Sakura legte sich auf ihren Futon und zog ihre Bettdecke enger um sich, und hoffte, dass nicht nur die äußere Kälte von ihr abfallen würde. Hinata drehte sich in diesem Moment zu ihr um und sah sie an. Ino war nicht da. Seit dem Vorfall in jener Nacht kam sie abends noch später.

„Ganz schön kalt draußen, stimmts?“, fragte Hinata liebevoll und lächelte ihr aufmunternd zu, da sie scheinbar das Klappern ihrer Zähne gehört hat. 

„Ich glaube, die Winter werden immer kälter, es wird wahrscheinlich auch bald anfangen zu schneien“, bemerkte sie seufzend und Sakura nickte zustimmend. Hinata beobachtete sie genau und merkte, dass etwas passiert war.

„Was ist los? Du wirkst so… bedrückt.“

„Ich bin heute wieder Sasuke-sama begegnet“, entgegnete Sakura und schloss für einen kurzen Moment die Augen, „Er… er hat mich angestarrt.“

„Aber daran musst du dich doch langsam gewöhnt haben. Er ist unser Herr und da ist es normal, dass er dich beobachtet. Er will wissen, wie du dich anstellst“, Hinata versuchte ihr aufmunternd zuzulächeln, doch Sakura schüttelte mit dem Kopf.

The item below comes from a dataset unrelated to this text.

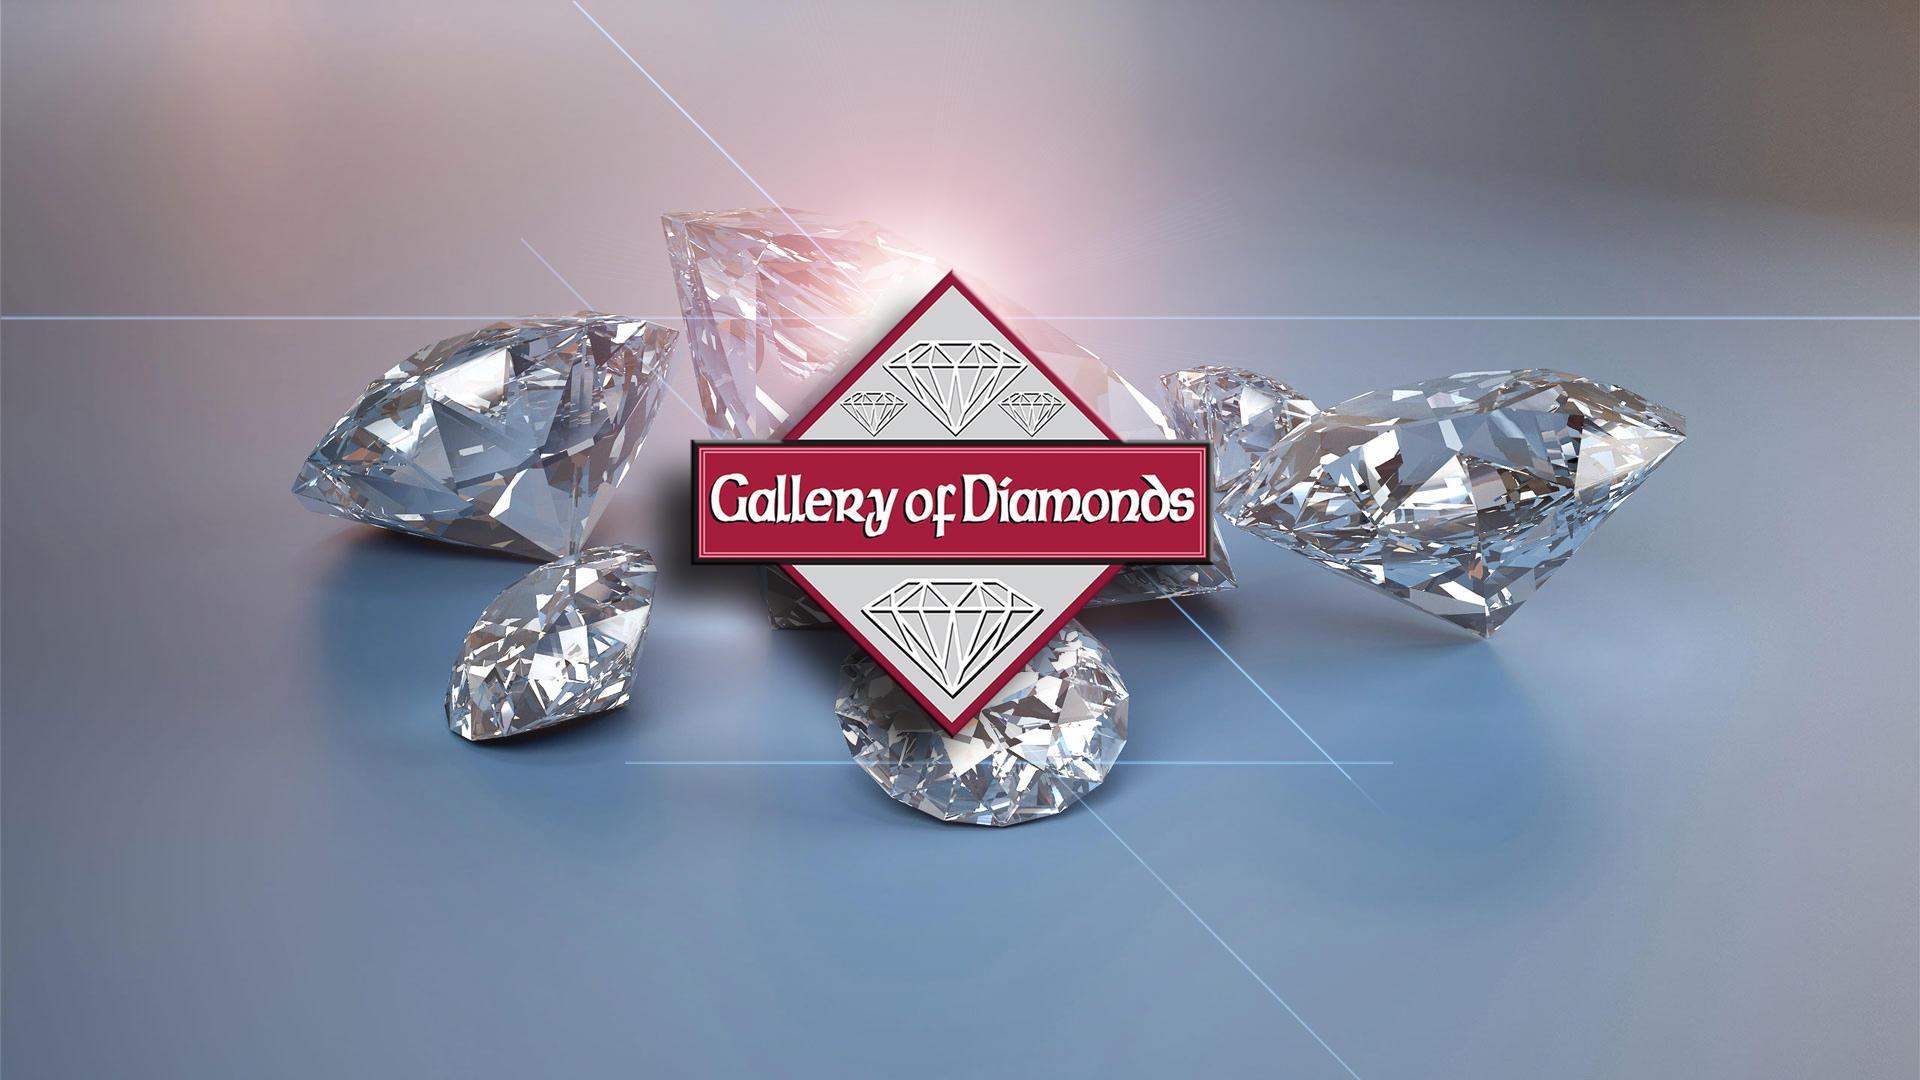 Gallery Of Diamonds image 2

„Nein, heute war das… anders. Damals, als er mich beobachtet hat, da war es wahrscheinlich so, wie du sagst, ja, aber heute… er hat mich nicht als seine Magd angesehen, verstehst du, sondern vielmehr wie…“, ihr fehlten die passenden Worte und sie beendete den Satz nicht, sondern drehte sich auf den Rücken und starrte an die Decke. Sie rief sich die dunklen, forschenden Augen des Uchihas in Erinnerung und erschauderte.

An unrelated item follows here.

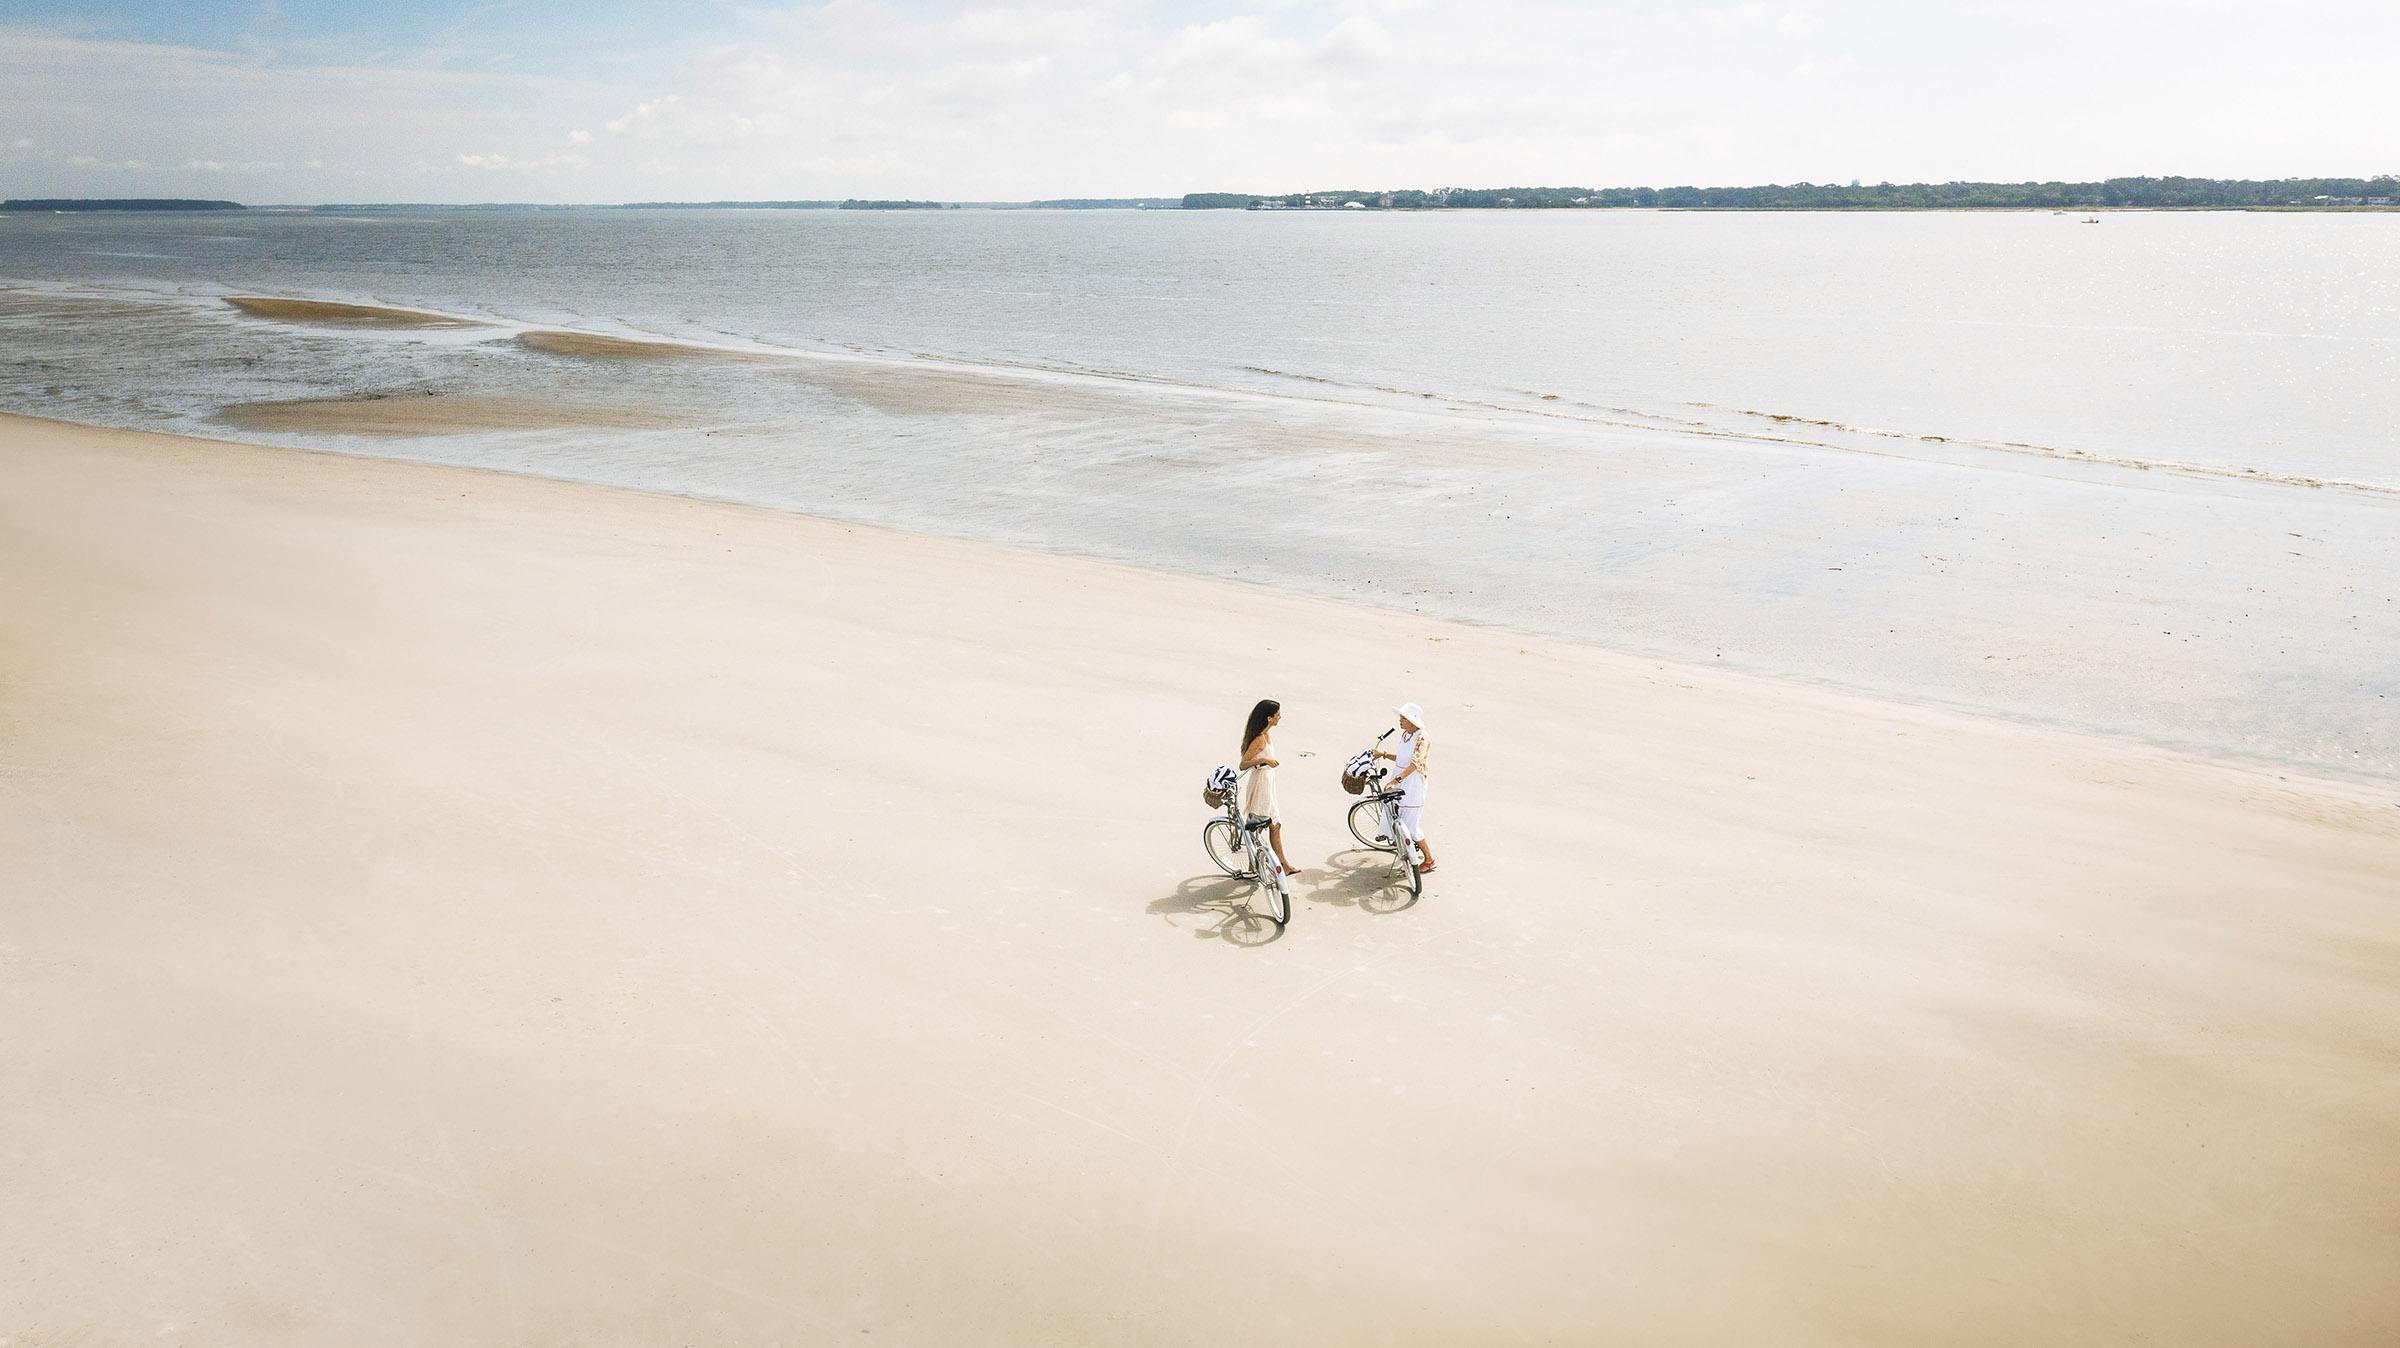 Biking beach Daufuskie Island

„Wir sollten schlafen“, meinte Hinata und drehte ihr wieder den Rücken zu. Nicht nur der plötzliche Themenwechseln ließ Sakura aufhorchen und ihrer Freundin einen Blick zuwerfen, sondern auch der Unterton der in ihrer Stimme mitschwang, verwunderte Sakura. Er klang… verachtend. Aber Sakura war sich sicher, dass sie sich das bloß eingebildet hatte. Es dauerte nicht lange und Sakura fiel in einen traumlosen Schlaf.